Yes the AE function is the only real issue, I cant say I'm too concerned about shutter noise although I'm sure this is an issue for some users. Teds comment on just getting more familiar with the camera operation is a valid one, and it is something i've thought about. I'll see how patient I can be and whether I can get a bit faster and more accurate at guessing. Thanks Ted and Barrett

🙂
 
Paulo said:
Yes the AE function is the only real issue, I cant say I'm too concerned about shutter noise although I'm sure this is an issue for some users. Teds comment on just getting more familiar with the camera operation is a valid one, and it is something i've thought about. I'll see how patient I can be and whether I can get a bit faster and more accurate at guessing. Thanks Ted and Barrett

🙂
Paul,

getting more familiar with the camera is one thing, the other is to stop metering the light all the time you make an exposure. That's a pitfall for everyone who's used to AE. The changing shutter speeds given by AE leads you to believe that the light is different every shot. But that is not the case. It's the reflectivity of the subjects that changes more than the light itself changes.

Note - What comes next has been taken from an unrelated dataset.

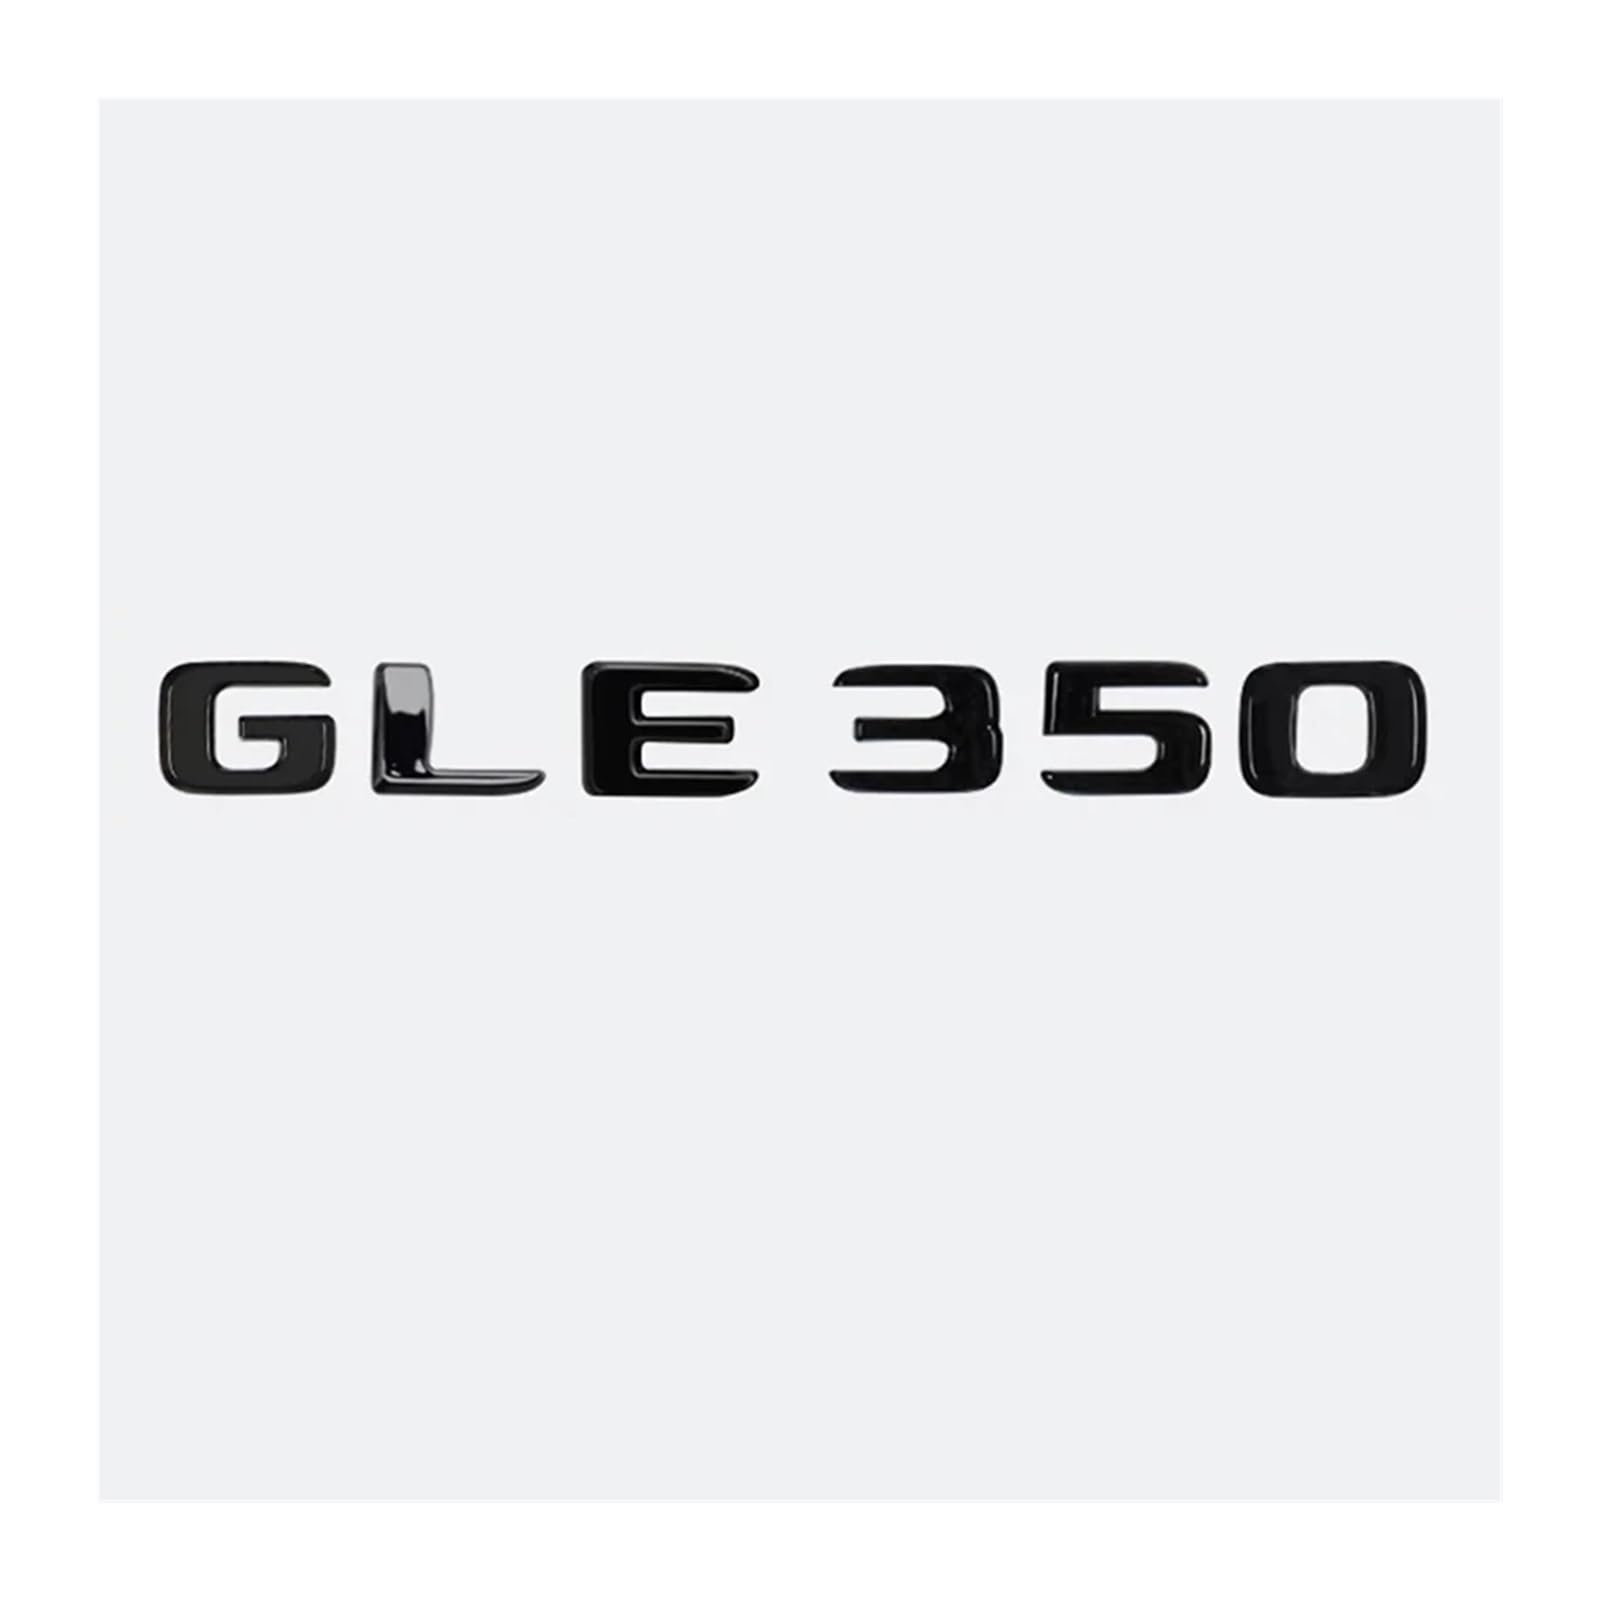 AQXYWQOL Auto ABS Kofferraum Buchstaben Logo Abzeichen Emblem Aufkleber Styling Aufkleber kompatibel mit GLE GLE53 GLE350 GLE400 GLE450 W166 W167 4 Matic Farbe ist konstant, verblasst nicht und beschä von AQXYWQOL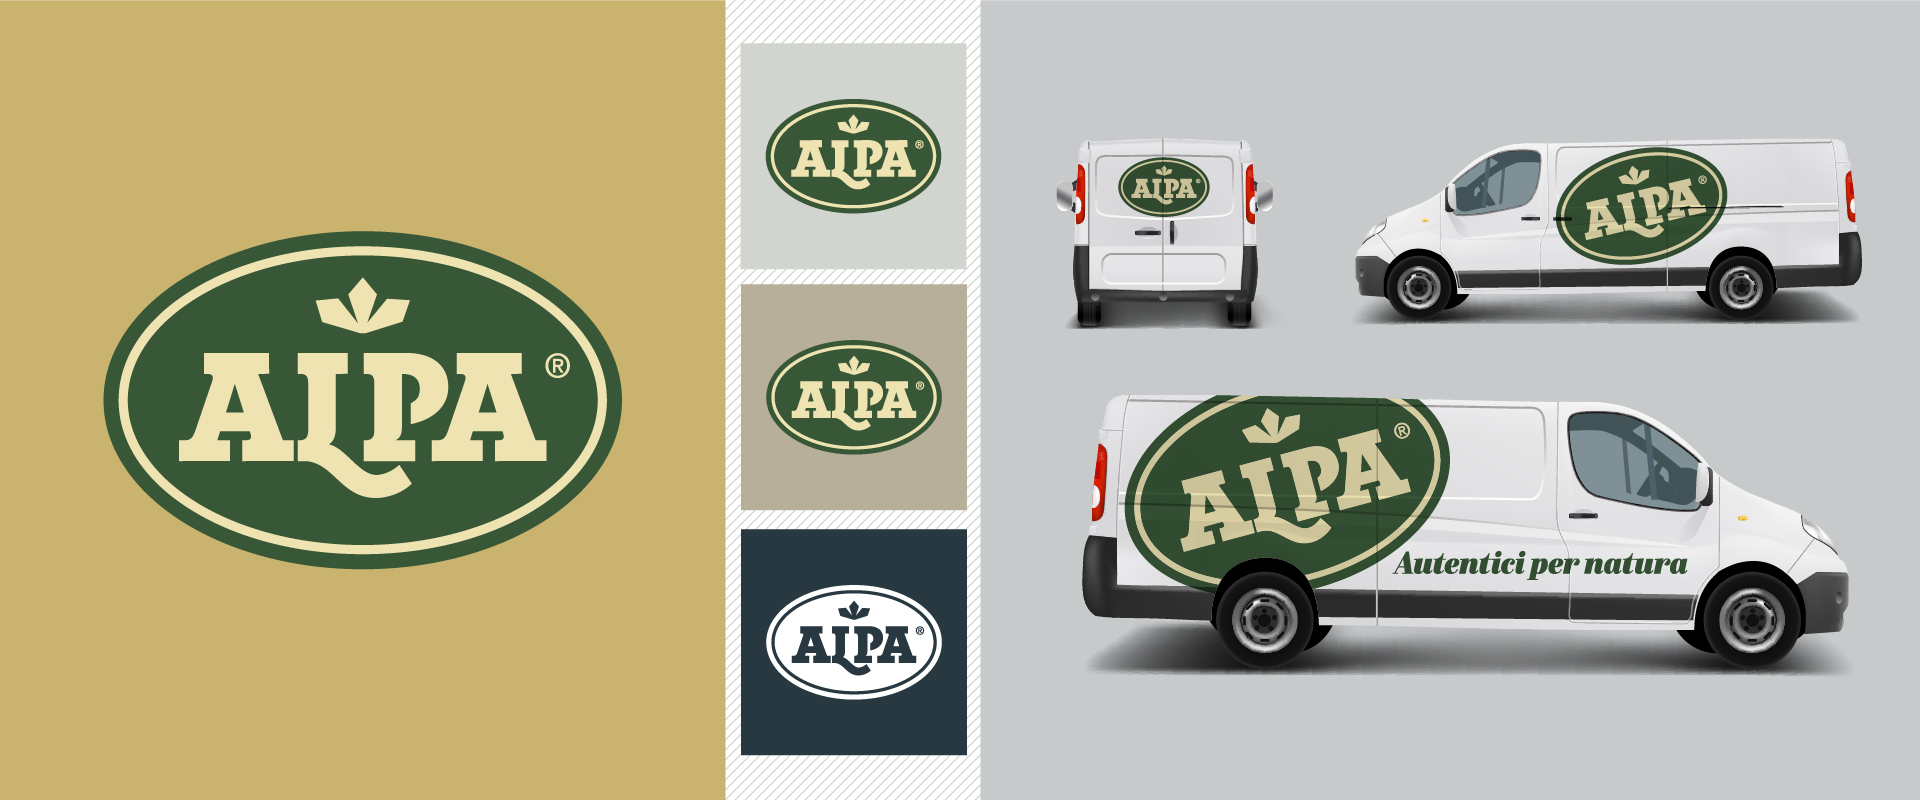 Corporate identity Alpa, logotype e personalizzazione veicolo aziendale

I get much more consistent results when I meter just once, set the exposure, and then shoot irrespective of subject reflecitivity. Black subjects come out black, white ones come out white, just like they're supposed to do instead of all middle grey.

I adjust for clouds and shadow with memorized amounts. Only when the light really changes (like when it gets overcast or so) do I meter again to set a base exposure.

This may not work for everybody, but you may try if it works for you as well. Shooting a couple of rolls in this fashion to see whether it's to your liking first is certainly cheaper than cycling gear..
 
Paulo said:
Thing is there are certain situations where I kinda miss the moment as I am re framing and re metering to match, Maybe it's a skill thing.
Mike Johnston wrote in his SMP aricle "The Best Lens for a Leica":
"(...)I would go so far as to say that any photographer who carefully meters and focuses every single shot is simply not using the Leica correctly.(...)" You can read whole Mike's article HERE

I think Mike is right and one can say "any RF camera" intead of "Leica". So maybe just don't care so much about accurate metering and focusing and use The Force !!!
And save your money - spend them for more negatives insted of new camera.

good luck and good light
Mechon
 
Hey Mechon thanks for the link , I guess I've relied on AE for too long and need to trust my instincts a bit more, Peter you are right a couple of rolls of film trying this method (and trusting my eyes) l will be a darn sight cheaper than trading up to an r2a.